Lalu, di mana daerah yang paling banyak ditemukan produk printing motif batik dengan kualitas super itu di Indonesia? "Jogja paling banyak. Jogja itu kota batik, tapi printing di Jogja itu banyak banget," ucapnya seraya menyebut hal itu berdasarkan riset yang dilakukan oleh pihak museum.

Sebagai alternatif membeli batik, ia menyarankan ke sentra batik di daerah pesisir, seperti Lasem, Tuban, dan Madura. Ia menyebut pembeli masih bisa memperoleh batik tulis dengan harga sekitar Rp200 ribu di daerah tersebut. Tentu, motifnya lebih sederhana dengan satu warna saja. 

 

Seputar Logo Batikmark

Di sisi lain, pemerintah punya cara untuk melindungi produk batik asli dari produk KW dengan sertifikasi dan batikmark. Batikmark bertuliskan Batik Indonesia adalah tanda resmi keaslian batik Indonesia yang dikeluarkan Kemenperin.

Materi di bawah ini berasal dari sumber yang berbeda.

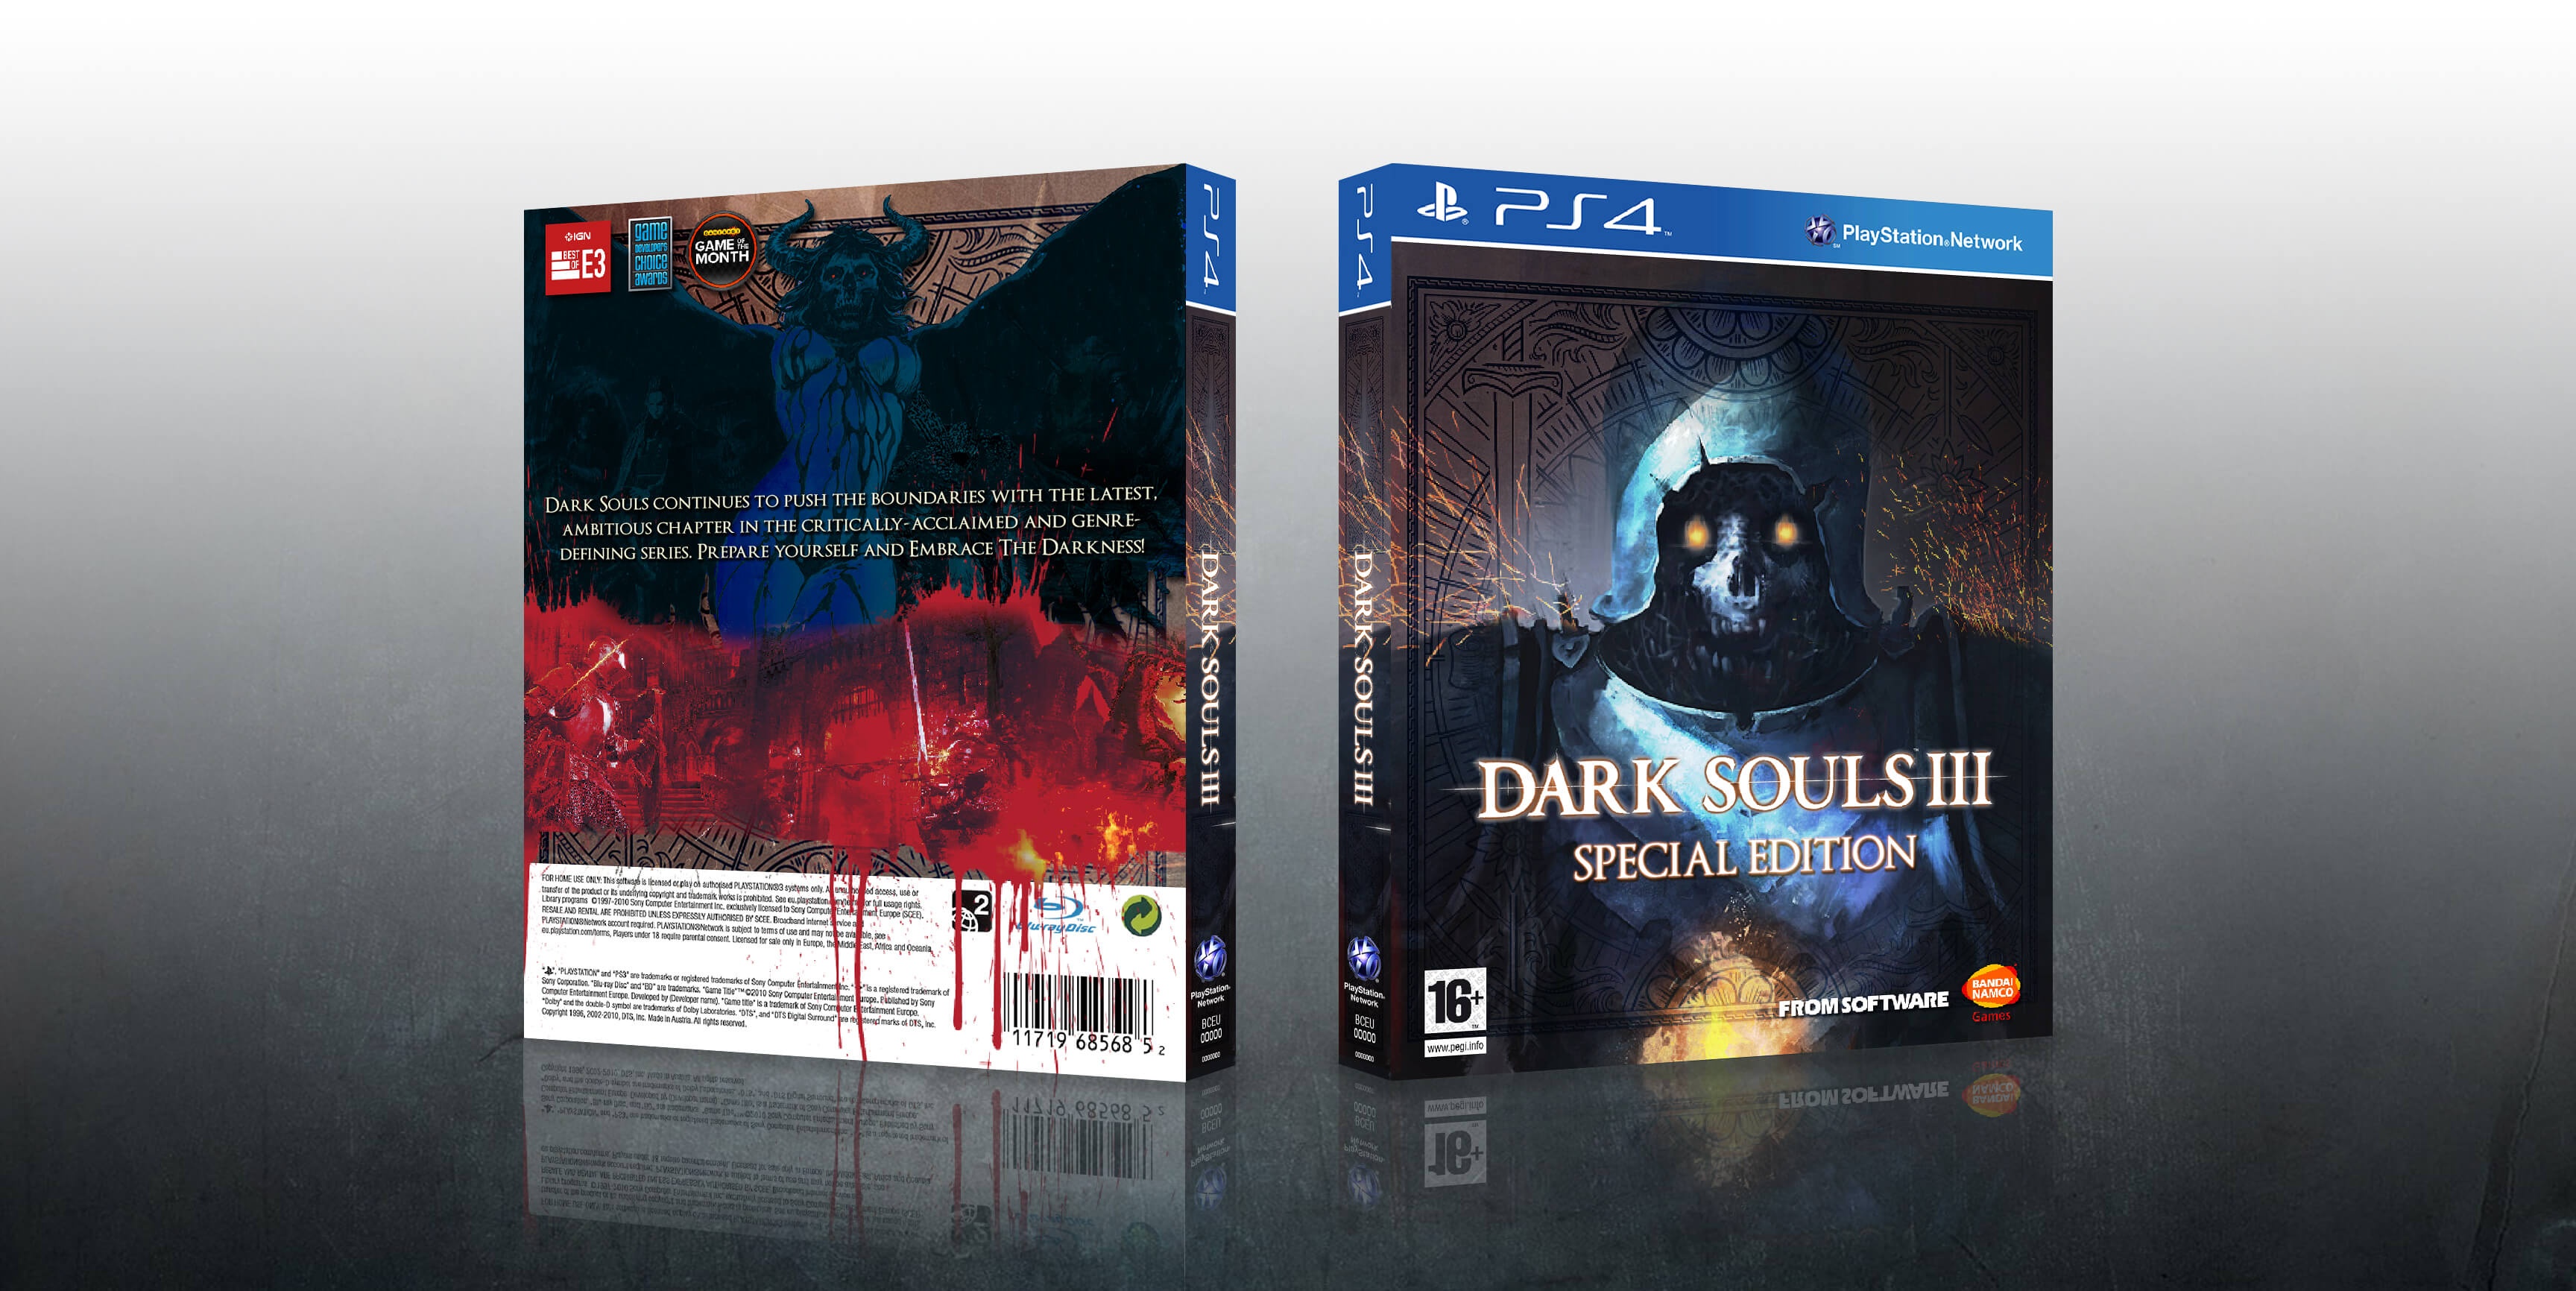 Dark Souls III box cover

Melansir situs web kementerian tersebut, Selasa, 28 Oktober 2025, logo ini hanya boleh digunakan industri batik yang telah memperoleh sertifikat Batikmark sesuai Peraturan Menteri Perindustrian RI No. 74/M-IND/PER/9/2007. Dalam penerapannya, logo Batikmark dapat dibuat sendiri oleh perusahaan.

Logo tersebut dicantumkan pada produk kain batik, produk turunan batik, maupun kemasannya. Pastikan logo dilengkapi Nomor Sertifikat Penggunaan Batikmark (BMI) dan menggunakan warna dasar hitam, dengan warna logo yang menunjukkan jenis batik: emas untuk batik tulis, putih untuk batik cap, serta perak untuk batik kombinasi cap dan tulis.